Everything we've done previously has provided very specific leadership to the health economy in our region. In this case, the success is really in everyone else's hands. All we can do is try and facilitate the early adopter groups to cover all these kinds of areas successfully, and to share that with the rest of the region as it comes out of their discussions.
4 comments:
Hi Christine,
What worries me is that any private-sector companies that take over elements of NHS provision will not have to worry about PSED and as such are unlikely to have E&D embedded into their operations in anything like the same way that the NHS does now. This would appear to mean that there is going to be a wholesale removal of E&D from NHS provision, which, it would seem from the POV of a lay-person, that minorities such as trans people are likely to suffer from far greater exclusion as more and more NHS functions are privatised.

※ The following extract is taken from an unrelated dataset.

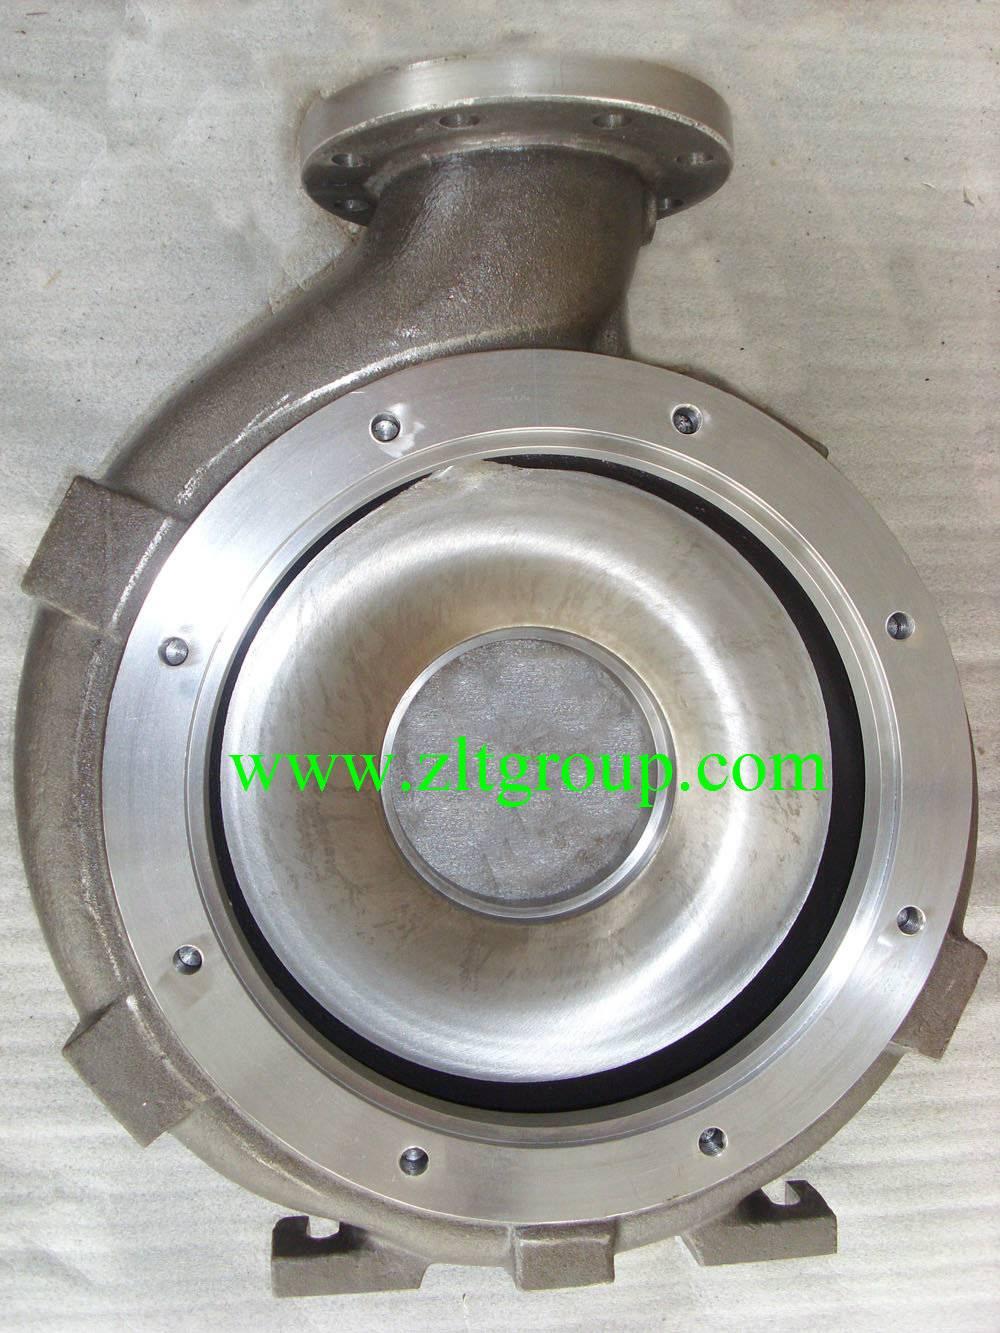 ANSI Durco pump casing
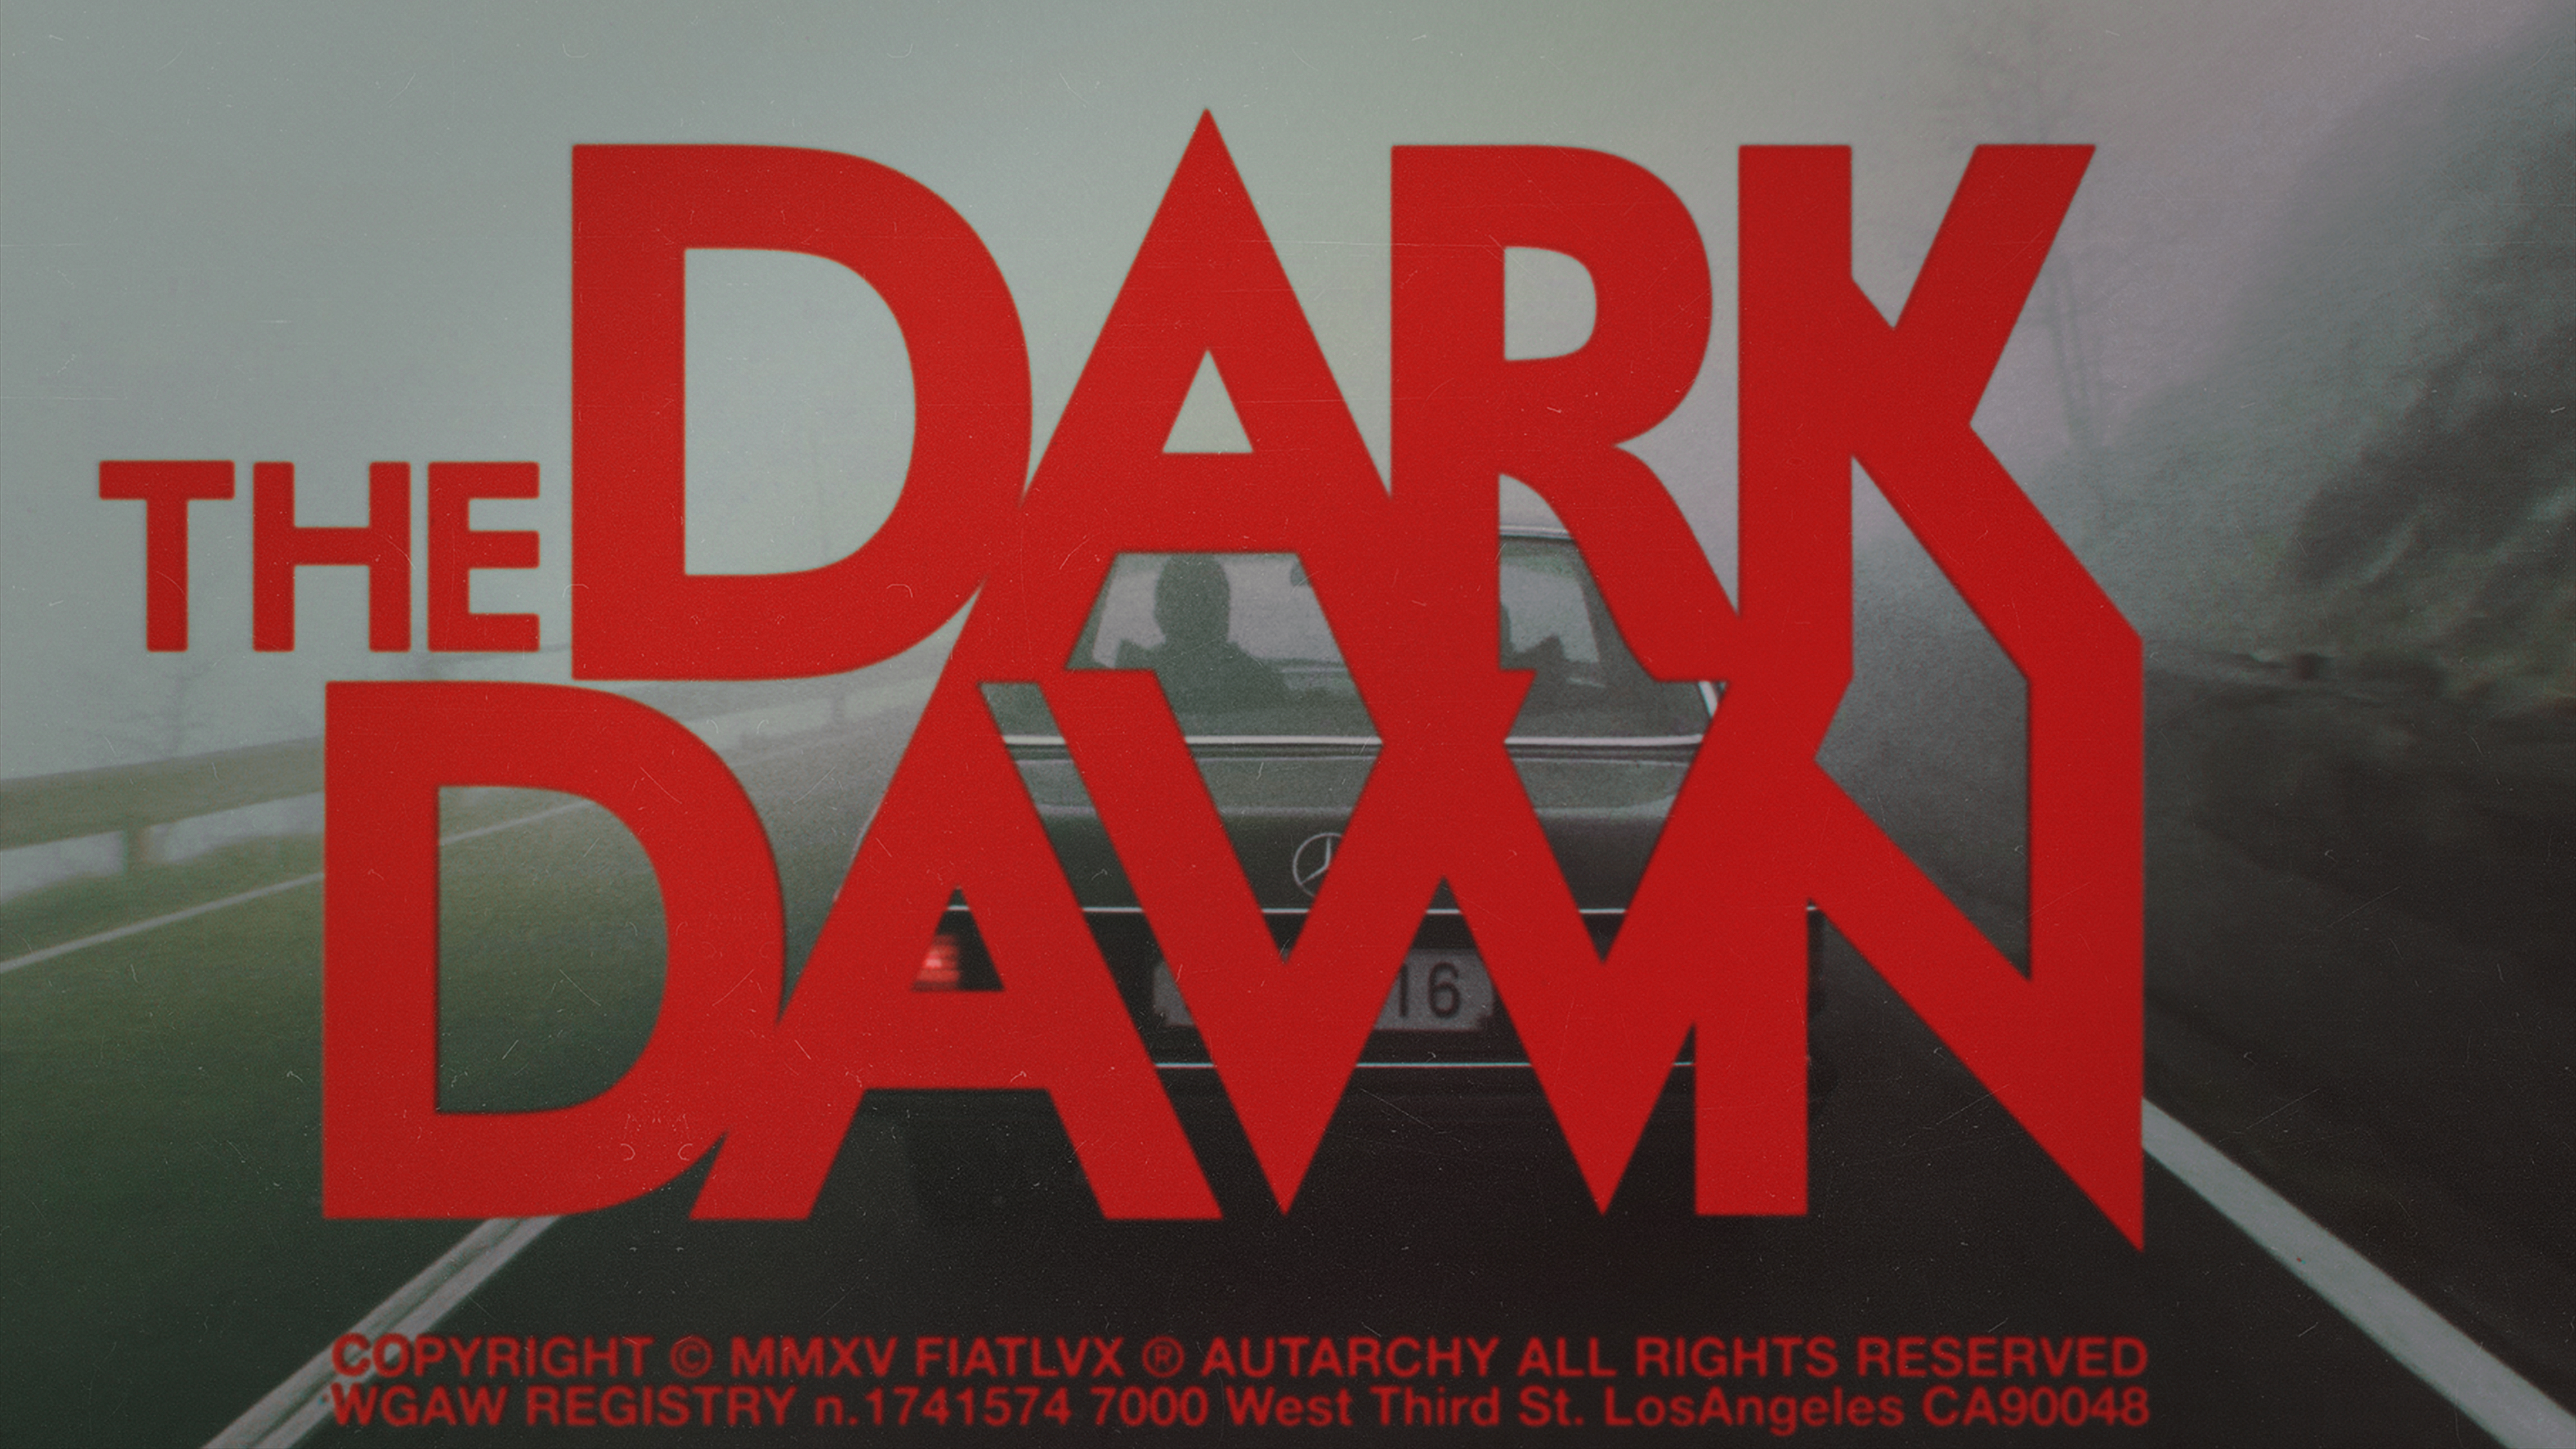 THE DARK DAWN

I am assuming that these new intermediate organisations will have to embed the PSED, but it would seem to be very difficult for them to police multiple private companies and their E&D policies, or lack of them.
I am particularly concerned about this from the POV of schools where privatisation will effectively remove any pressure on schools to embed the PSED. Given that the education system is probably more transphobic, as well as homophobic than the NHS, this could be a huge setback for trans people, especially since there will be no intermediate organisations like the ones you describe for the NHS; just the DfE and schools...
Natacha
You're quite right Natacha. Private sector providers who enter the market and are commissioned to deliver services with NHS money won't directly have to comply with the Public Sector Equality Duty (PSED) ... though they will, of course, be subject to the discrimination provisions of the Equality Act itself.
I could also add that GP Consortia won't be subject to public scrutiny in the same way as the PCTs they replace. Some of what they do will also probably not be subject to Freedom of Information requests either, where it can be argued that the subject matter (e.g. contracts with providers) is commercially sensitive
In theory, commissioners should be writing E&D provisions into their contracts .. though I can tell you that very few have thought about this beyond vague expressions about compliance with legislation.
We have succeeded in getting PCTs in the North West to be much more specific, and some of them have been very effective in managing the EPIT performance of their providers. That's one of the bits of good practice which we want to see preserved. However, if you look beyond the North West then the picture in that respect is not very promising.
All this is why we therefore have to work hard at what we CAN manage to embed into the commissioning and HWB sides of the landscape, and to build an understanding that this is something in their interests to support.
See my earlier piece 'Why Bother?' for an explanation of why 'compliance' is not the best message.